Staudinger T, Kordova H, Röggla M, Tesinsky P, Locker G J, Laczika K, Knapp S, Frass M
Department of Internal Medicine, University of Vienna, Austria.
Crit Care Med. 1998 Sep;26(9):1518-22. doi: 10.1097/00003246-199809000-00018.
To assess the oxygen cost of breathing with either pressure-support ventilation (PSV) or biphasic intermittent positive airway pressure ventilation (BIPAP).
Prospective, randomized, crossover study.
Medical intensive care unit of a university hospital.
Twenty clinically stable and spontaneously breathing patients after long-term mechanical ventilation.
Patients were randomized to start on either PSV or BIPAP, and measurements were performed after an adaptation period of 30 mins. Immediately after, the ventilatory mode was changed and after another 30-min adaptation period, the same measurements were performed.
Indirect calorimetry was performed during each ventilatory mode for a period of 30 mins. Oxygen consumption, energy expenditure, CO2 production, and respiratory quotient did not differ significantly between the two ventilatory modes, regardless of the patients' randomization. There were no statistically significant differences with regard to respiratory rate, minute volume, and blood gas analysis. All patients tolerated both ventilatory modes without any signs of discomfort.

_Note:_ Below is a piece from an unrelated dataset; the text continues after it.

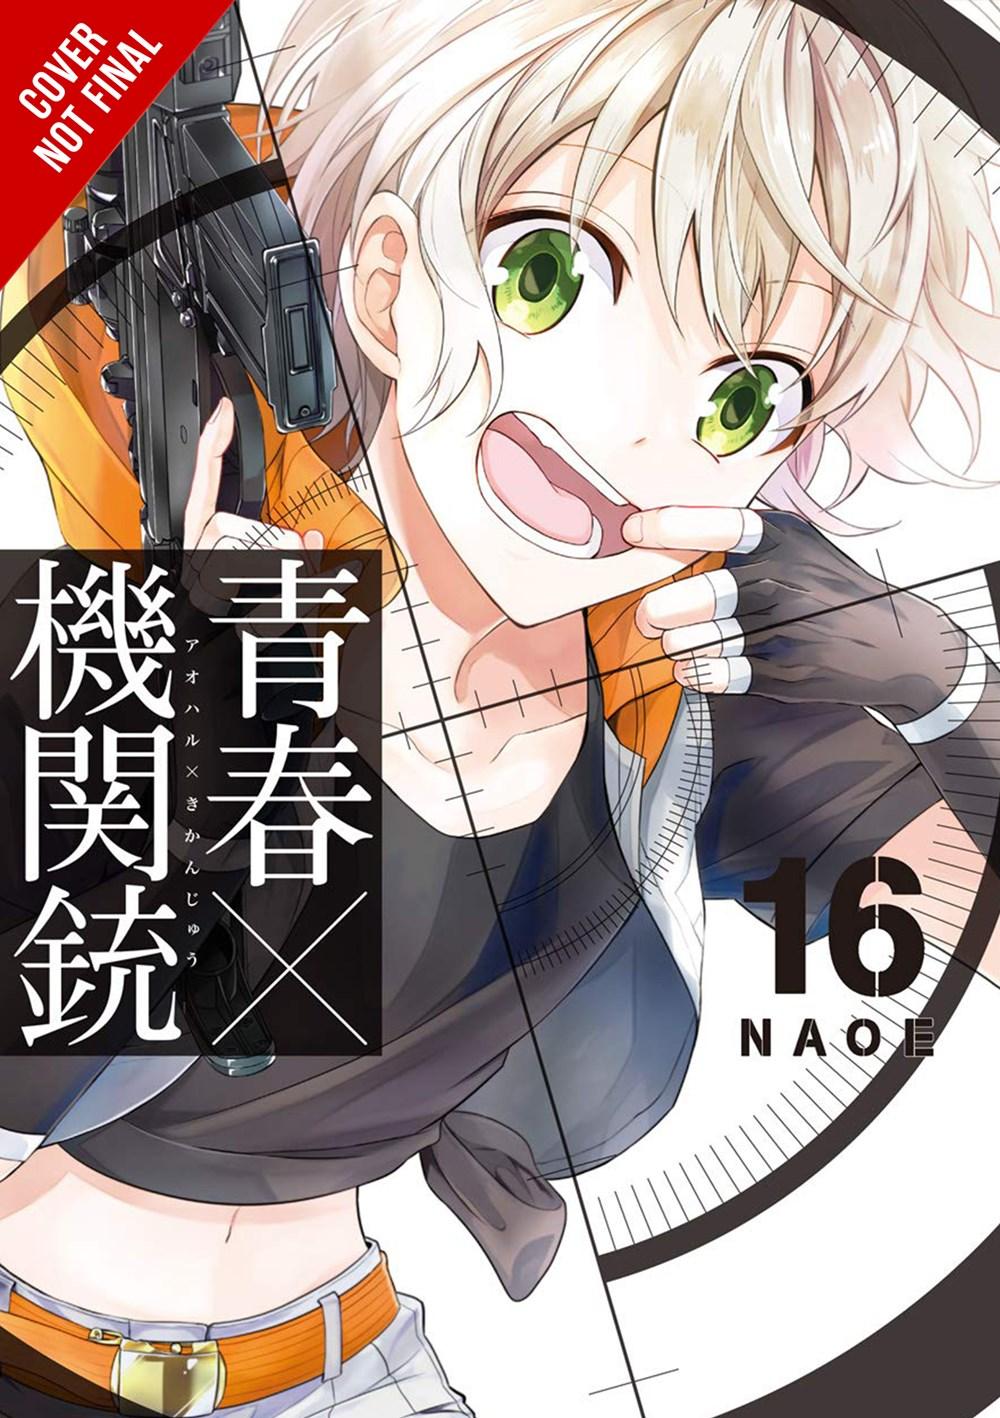 Aoharu X Machinegun Manga Volume 16

Pressure support ventilation and BIPAP are both used for weaning patients gradually from the ventilator. BIPAP may be advantageous in patients not breathing sufficiently with PSV, since no patient effort is necessary with use of this ventilatory mode.
评估压力支持通气(PSV)或双相间歇正压通气(BIPAP)时的呼吸氧耗。
前瞻性、随机、交叉研究。
大学医院的医学重症监护病房。
20例长期机械通气后临床状况稳定且自主呼吸的患者。
患者随机开始使用PSV或BIPAP,在30分钟的适应期后进行测量。之后立即更换通气模式,在另一个30分钟的适应期后,进行相同的测量。
在每种通气模式下进行30分钟的间接热量测定。两种通气模式下的氧耗、能量消耗、二氧化碳产生和呼吸商均无显著差异,与患者的随机分组无关。呼吸频率、分钟通气量和血气分析也无统计学显著差异。所有患者均耐受两种通气模式,无任何不适迹象。
压力支持通气和BIPAP均用于使患者逐渐脱离呼吸机。对于使用PSV时呼吸不足的患者,BIPAP可能具有优势,因为使用这种通气模式无需患者用力。